将src、tgt、structure_encoding、landmark_query传入Inherent_Layer后,主要有query-query attention、query-representation attention两个操作,分别用来学习query之间的内在交互关系和关键点之间固有的内在关系。但看代码可以知道,两个操作的核心代码都是nn.MultiheadAttention,只是q、k、v不同。最后再经过一个MLP返回输出。
import copy
import torch
from torch import nn, Tensor
from typing import Optional
from utils import _get_activation_fn
def _get_clones(module, N):
return nn.ModuleList([copy.deepcopy(module) for i in range(N)])

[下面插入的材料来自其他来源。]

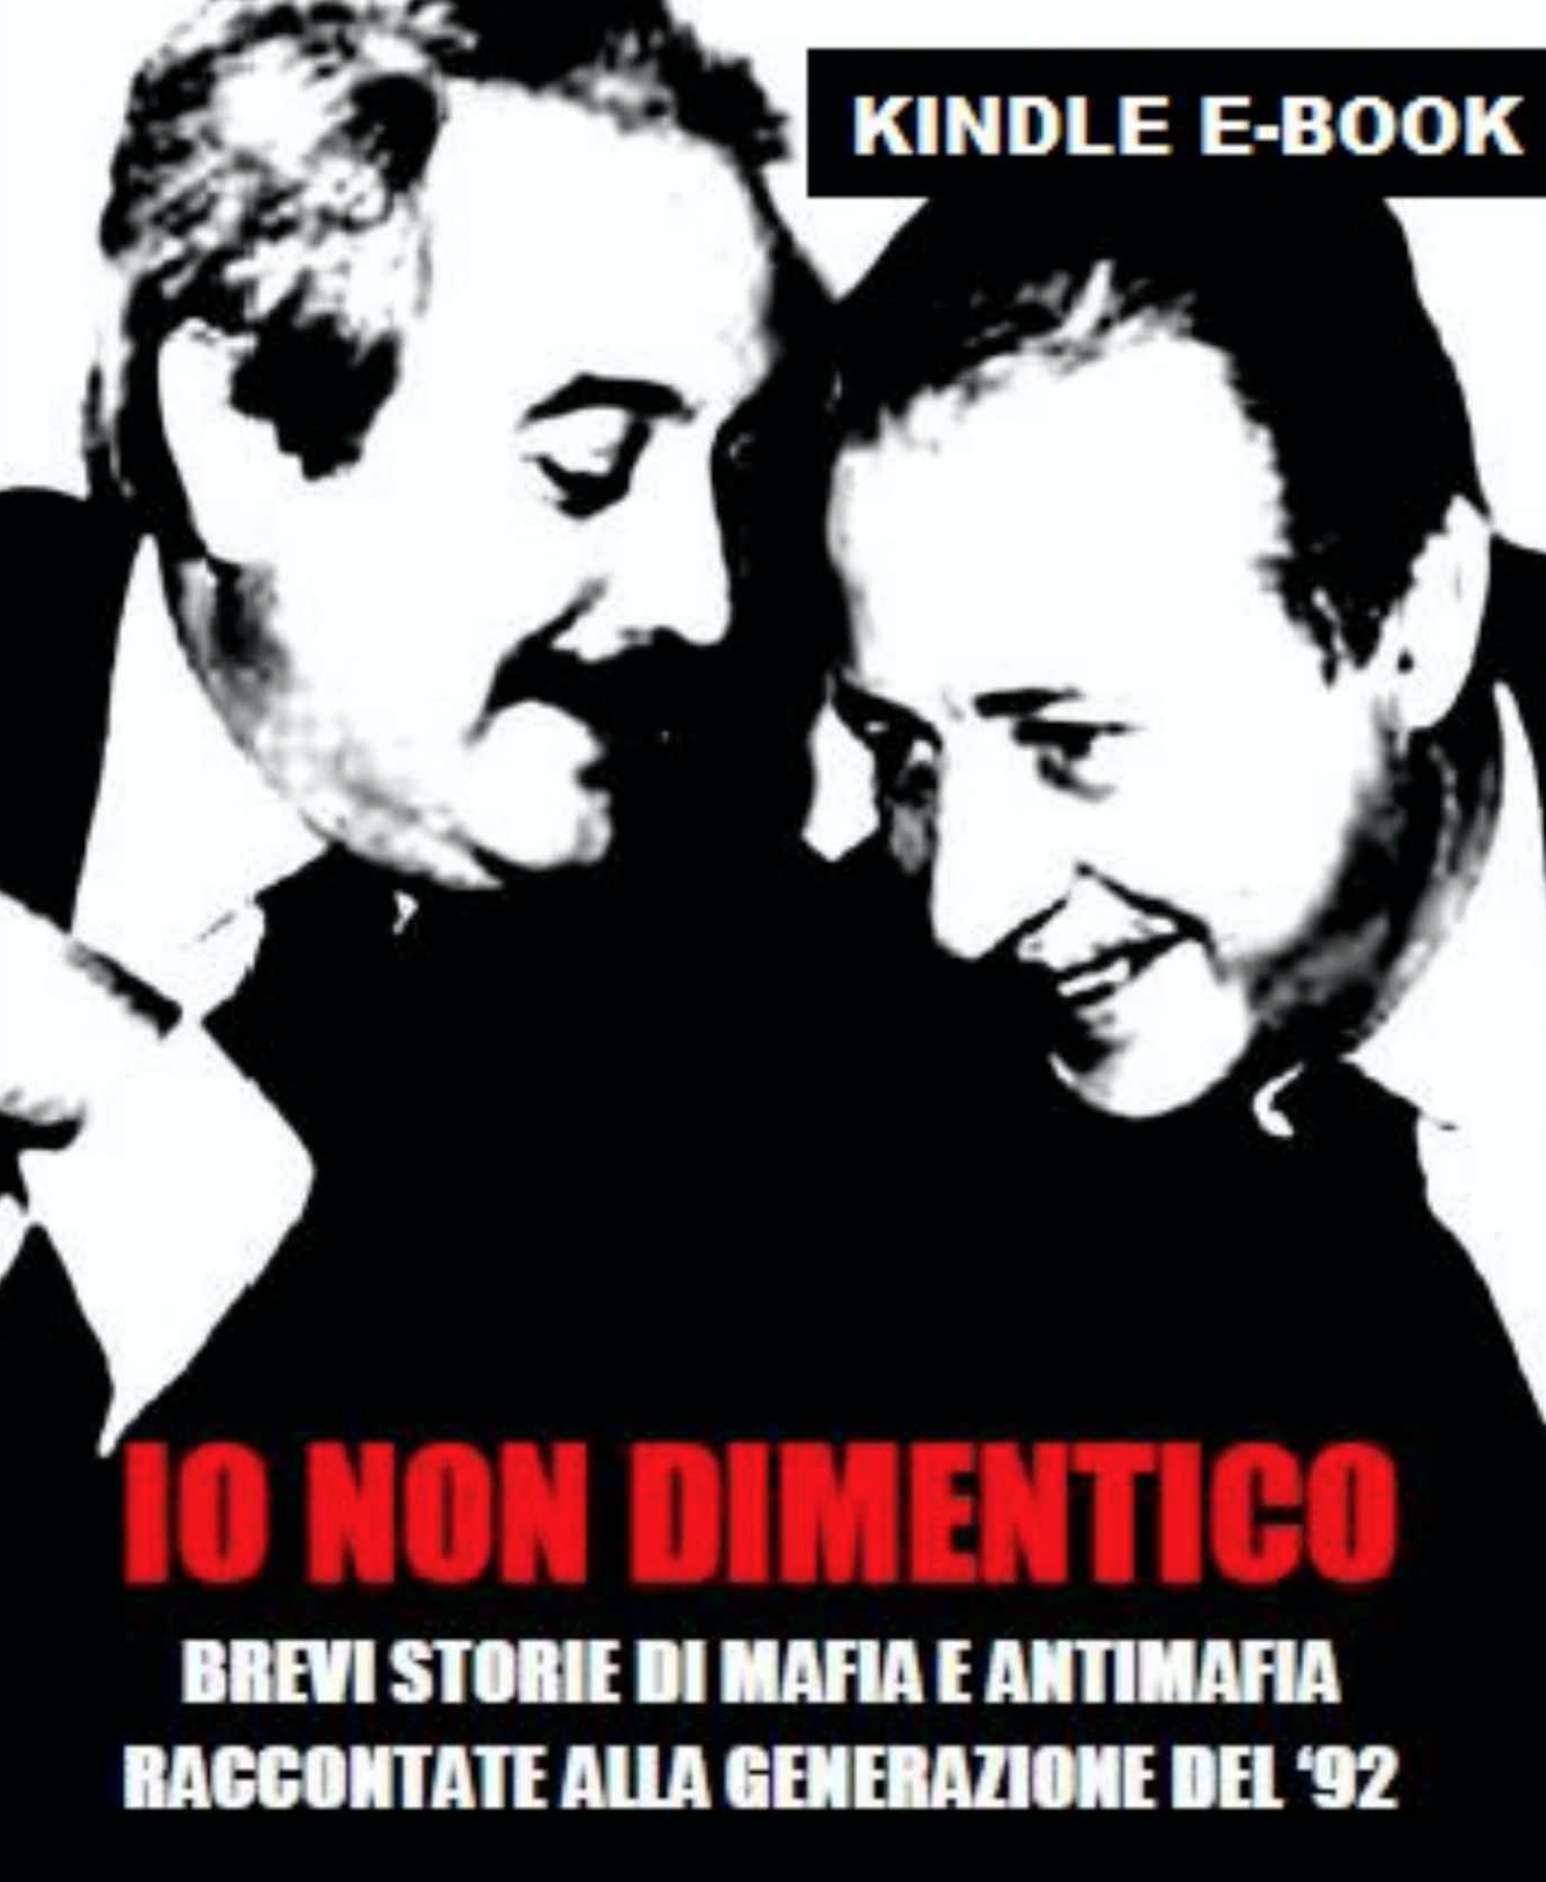 Définition du mot "Mafia" dans un dictionnaire italien et article instructif du "Monde" sur le Petit Bar

class Inherent_Layer(nn.Module):
def __init__(self, d_model, nhead, dim_feedforward=2048, dropout=0.1,
activation="relu", normalize_before=False):
super().__init__()
# Attention Layer
self.self_attn = nn.MultiheadAttention(d_model, nhead, dropout=dropout)
self.multihead_attn = nn.MultiheadAttention(d_model, nhead, dropout=dropout)
# Feedforward model
self.linear1 = nn.Linear(d_model, dim_feedforward)
self.dropout = nn.Dropout(dropout)
self.linear2 = nn.Linear(dim_feedforward, d_model)
# normalization & Dropout
self.norm1 = nn.LayerNorm(d_model)
self.norm2 = nn.LayerNorm(d_model)
self.norm3 = nn.LayerNorm(d_model)
self.dropout1 = nn.Dropout(dropout)
self.dropout2 = nn.Dropout(dropout)
self.dropout3 = nn.Dropout(dropout)
self.activation = _get_activation_fn(activation)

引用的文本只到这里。